Relation between continuous time transfer function and sampled approximation

Question

Suppose I have some continuous time system and associated transfer function: $$ y(n)=x(n)+x(n-1)$$ $$ H(j \omega) = 1+e^{j \omega (-T_s)} $$

Now suppose I create a discrete-time approximation of this system like this:

The digital system contained within the converter blocks has the transfer function:

$$ H(z) = 1 + z^{-1} $$

I know that the actual transfer function from $V_{in}(t)$ to $V_{out}(t)$ is something else entirely, but is there any meaning in saying that if $H(z)$ is "evaluated" for $z=e^{j \omega T_s}$, then $H(z)=H(j \omega)$? What is the significance of this observation, if any?

Answer 1

$H(jω)$, which is DTFT of the transfer function $h(n)$, is basically a special case of the Z transform $H(z)$, where $z=e^jω$ i.e. $|z|=1$.

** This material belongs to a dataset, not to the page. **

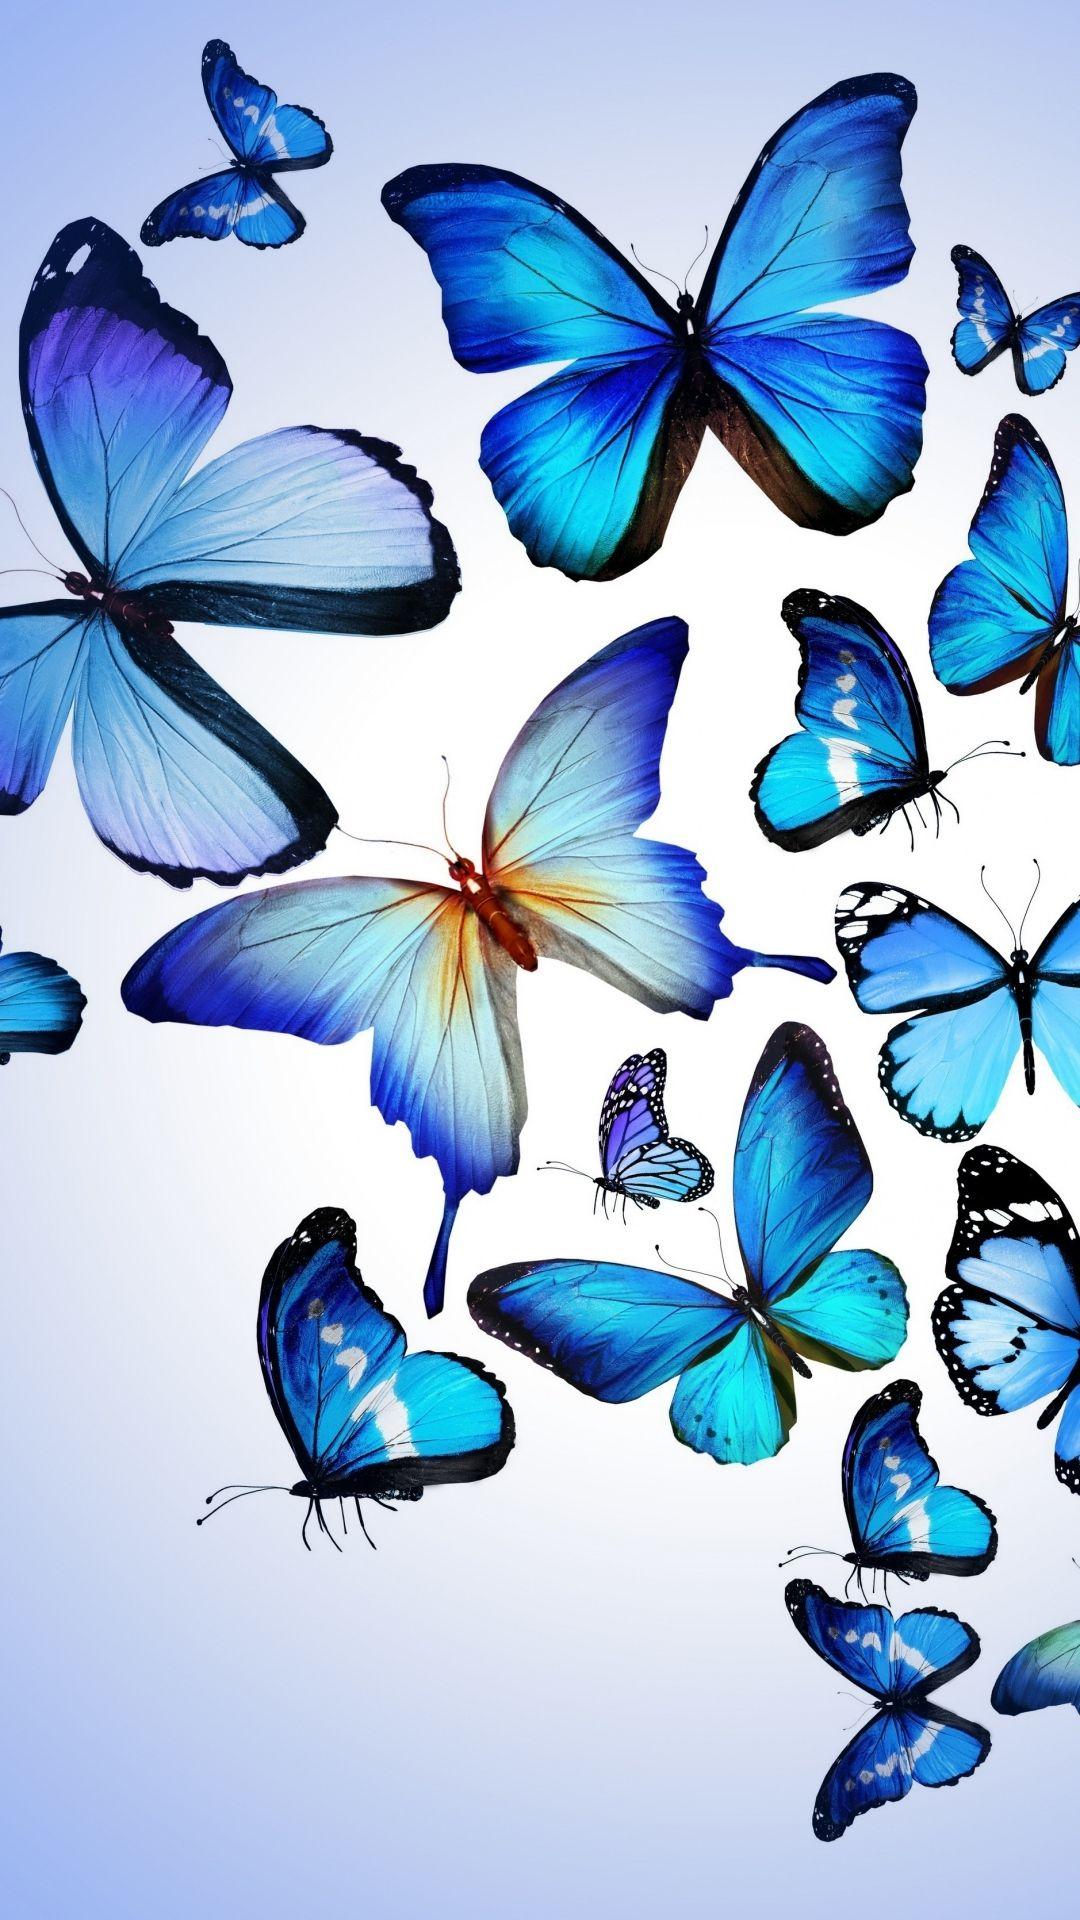 Download Premium Illustration Of Blue Butterflies Patterned On Black Blue Wallpaper Iphone Butterfly Wallpaper Iphone Black Phone Wallpaper

In this special case, the unit circle ($|z|=1$) should be included in the region of convergence (ROC) of $H(z)$. In other words, the system (which is LTI in your example) should be BIBO stable.

The system in your example is BIBO stable since it has one pole in $z=0$, therefore its ROC ($z≠0$) includes the unit circle. Hence, we can say that $H(z)=H(jw)$ only when $|z|=1$ i.e. on the unit circle.